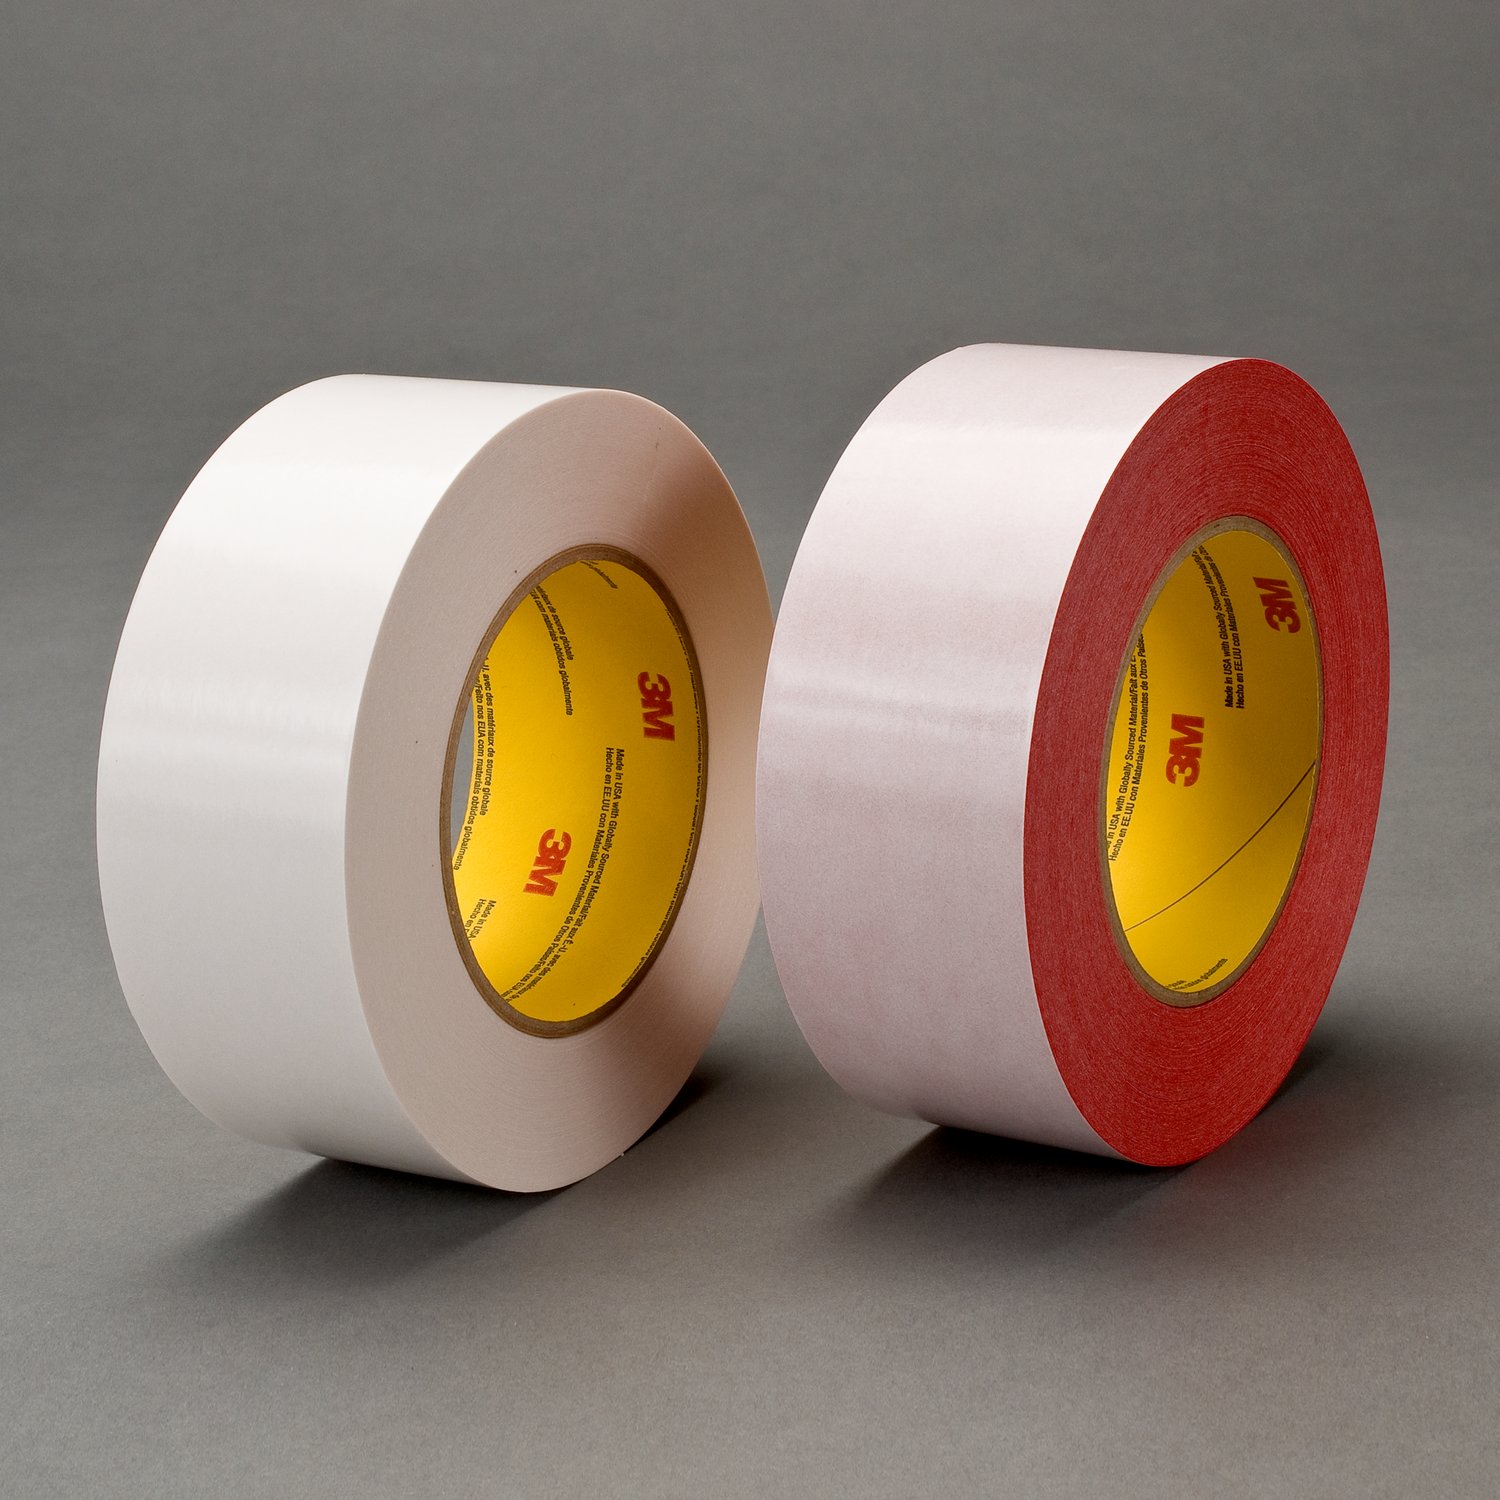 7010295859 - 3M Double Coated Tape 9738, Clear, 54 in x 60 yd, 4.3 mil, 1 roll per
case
---
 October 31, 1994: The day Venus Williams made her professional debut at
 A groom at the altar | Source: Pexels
---
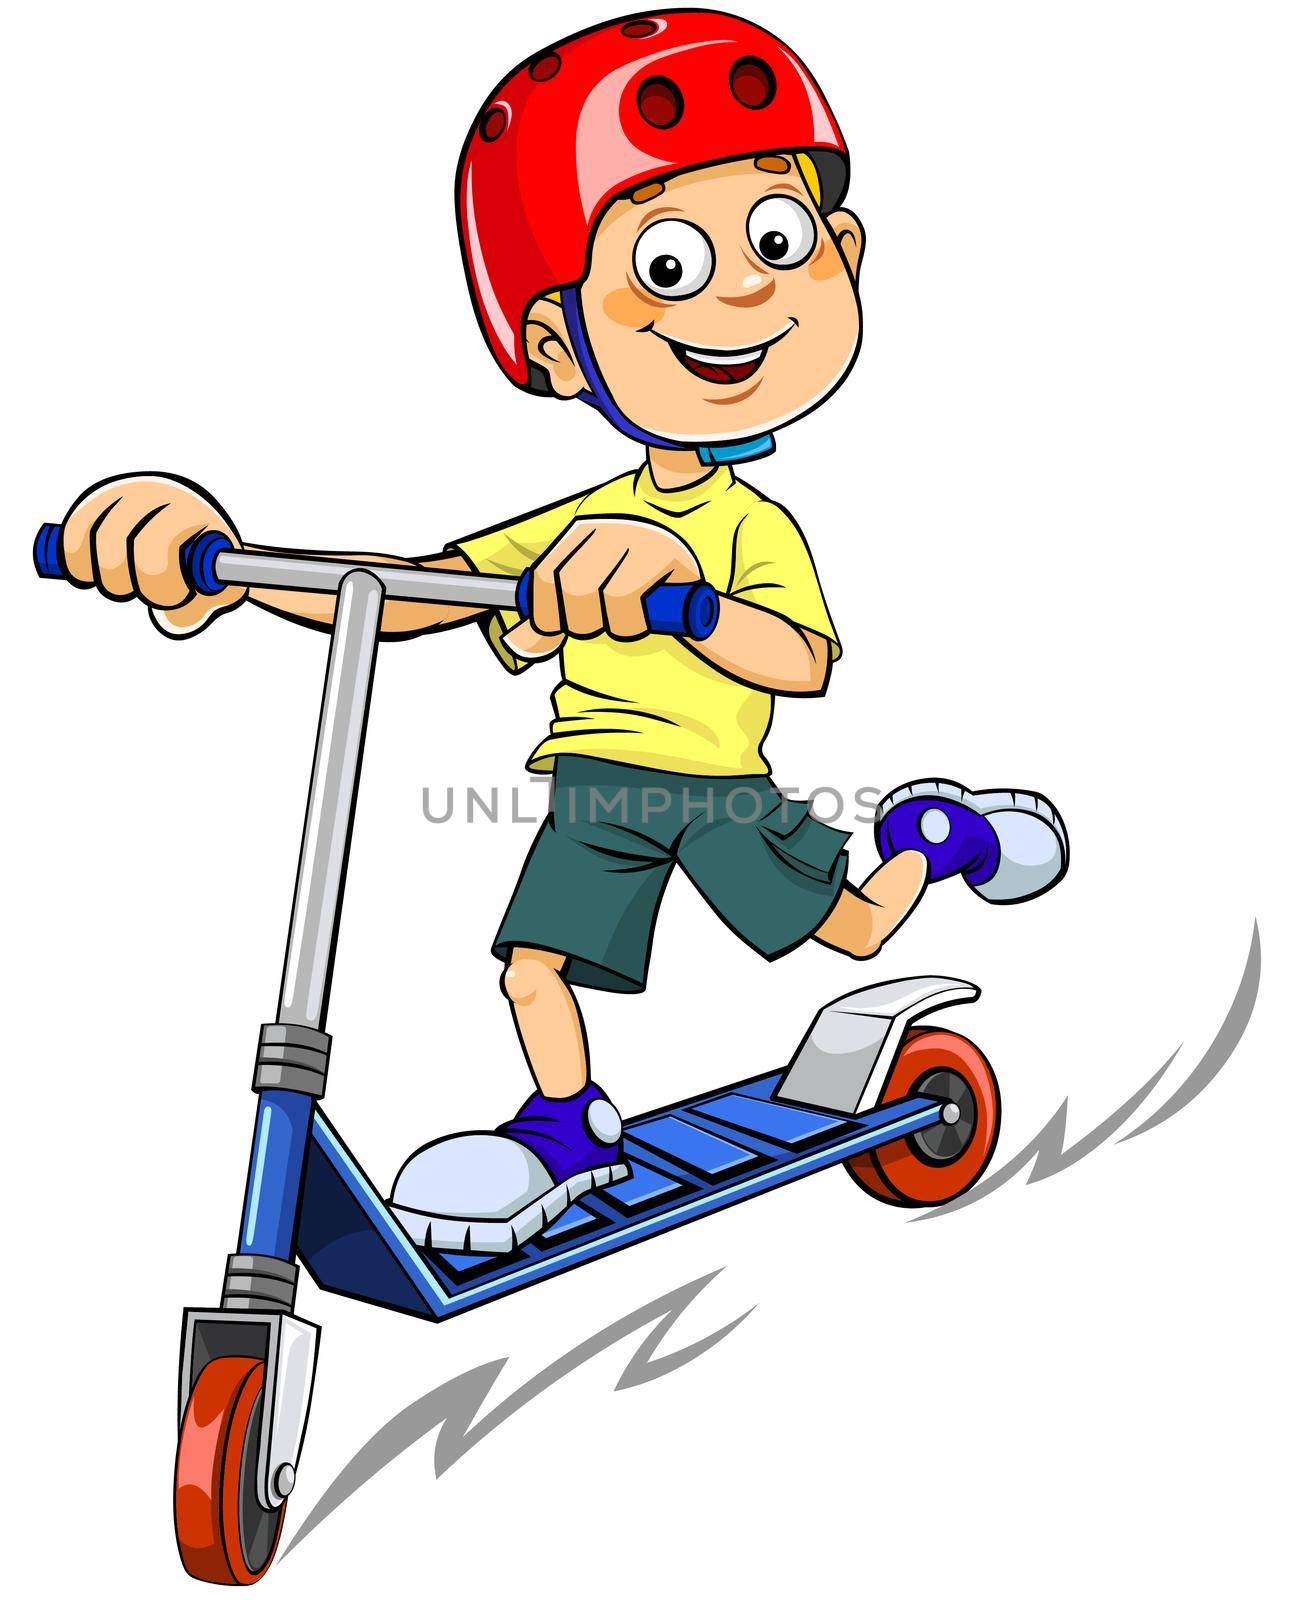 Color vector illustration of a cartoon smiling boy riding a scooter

▶ [WORK REQUIRED] Everything from the line containing "October 31, 1994: The" through the line containing "A groom at the altar | Source: Pexels" in the material above should be retyped exactly, both ends included, and nothing more.

▶ [EXERCISE ANSWER]
 October 31, 1994: The day Venus Williams made her professional debut at
 A groom at the altar | Source: Pexels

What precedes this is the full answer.